Brace yourself. The main force of That Question is coming at you very soon now, with the most usual variants being:—

1 (above).
Can I move in with you and share the rent and stuff?

Can we share a place together and split the expenses?

How d’you feel, say, if I move in with you for [x] weeks until
I get back on my feet and find my own place?

How about you let me move into your place? I’m just
one guy/gal and don’t have a lot of kit. I only need
a bed and bathroom, that’s all, so maybe that’s alright then, okay?

I’m looking for a place right now, but I would like
to live at your place instead, but, of course,
I’ll share the rent and expenses with you.

Rivers begin to form on your forehead now, especially if you’re the type who tends to ‘sweat things out.’

Whatever you do, don’t answer it like this:—

‘Err, sorry, I can’t. I ‘ve got these family people coming over
all the time and I need the place to put them up for.’

‘Actually, I’m not entirely living alone, ‘cos my boyfriend/girlfriend
is more or less living with me.’

‘I don’t think it’s possible, because my place is really, really
small — good for one person, really.’

‘Sorry, I’d love to, but I do lots of home entertaining,
and it’s just a bit difficult with you …’

Basically, you end up humming and harring your way out with those. Which don’t work. You’ll be pestered literally for days or even weeks with That Question. Because people who ask That Question are determined individuals.

Now, the juicy bit.

This is how you should answer to stop the nonsense (in sequence, if you’re facing a really determined individual):—

PROTIP:— Don’t apologise or use words like ‘sorry,’ ‘in fact,’ ‘actually’ or the like. State things matter-of-factly.

SAY 1:—

“You should’ve asked earlier. I’ve already promised Harry/Henrietta from the [whatever] Department couple of nights ago. Do you know Harry/Henrietta yourself? He’s/she’s coming to sign the papers with me this weekend.”

SAY 2:—

“What year were you born? So you’re [age] then. That won’t do. My minimum age for shacking up with is [whatever + 7 years].”

SAY 3:—

“What’s your income like? What’s your job? You have a bank account with which bank did you say?”

SAY 4:—

“You do realise you have to sign a subtenancy with me, otherwise I’d be in breach of my own lease with the landlord. It’s really wonderful of the landlord, such a nice man … letting me sign a lease that allows subtenants … can’t ask for more from anyone … so fair and understanding of the landlord … can’t afford to jeopardise my lease, you understand … blah … blah-blah … blah-blah-blah.”

SAY 5:—

“Yeah, move in, as soon as you pay me the three months’ deposit that my landlord stipulates in my lease from subtenants … and I’m pretty sure you’ll be fine when my landlord gets to meet you and looks you over for his approval.”

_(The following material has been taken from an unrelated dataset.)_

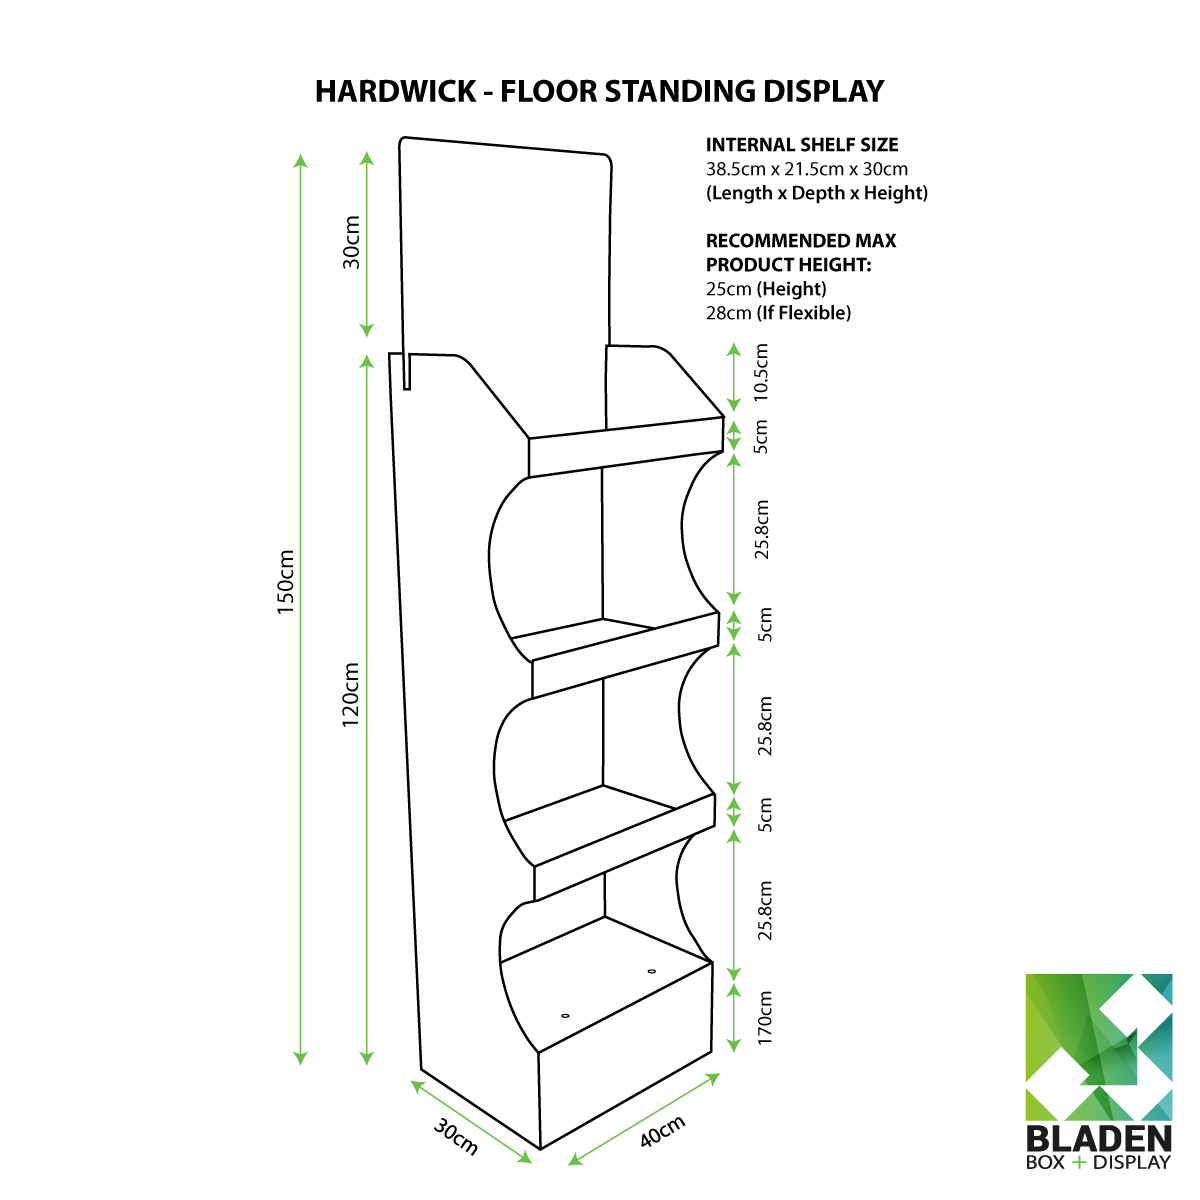 Floor Standing Display - Hardwick - Line Drawing

Works like a charm, mate, works like a bleeding charm.

No, you refuse even this

No, you refuse even this

Images: Upgrade Your Life via One More Coffee Stain ♦ Chick in white lingerie via c4c.


© The Naked Listener’s Weblog, 2011. (Updated 13 June 2014: formatting fixes.)

3 Responses to “Leave me alone with the crowd around me”

  1. Guus said

    Haha, this post displays with an Ikea advertisement for me! Agree with your advice btw. Be firm.


  2. Ed Hurst said

    Wise words. Even better is to develop the sort of public persona which no one dares to ask such a thing. In my foolish youth, I was asked and managed to escape somehow. When I went back to college later, that was the one favor no one asked me, though they asked others. My persona was quite different the second time.


    • Ed, you are absolutely right about ‘persona’ in this matter. I’ve been wracking my brains for that word on the tip of my tongue. It’s the persona that we leave on people that makes others do what they do to or with us. Thanks for reminding me about ‘persona.’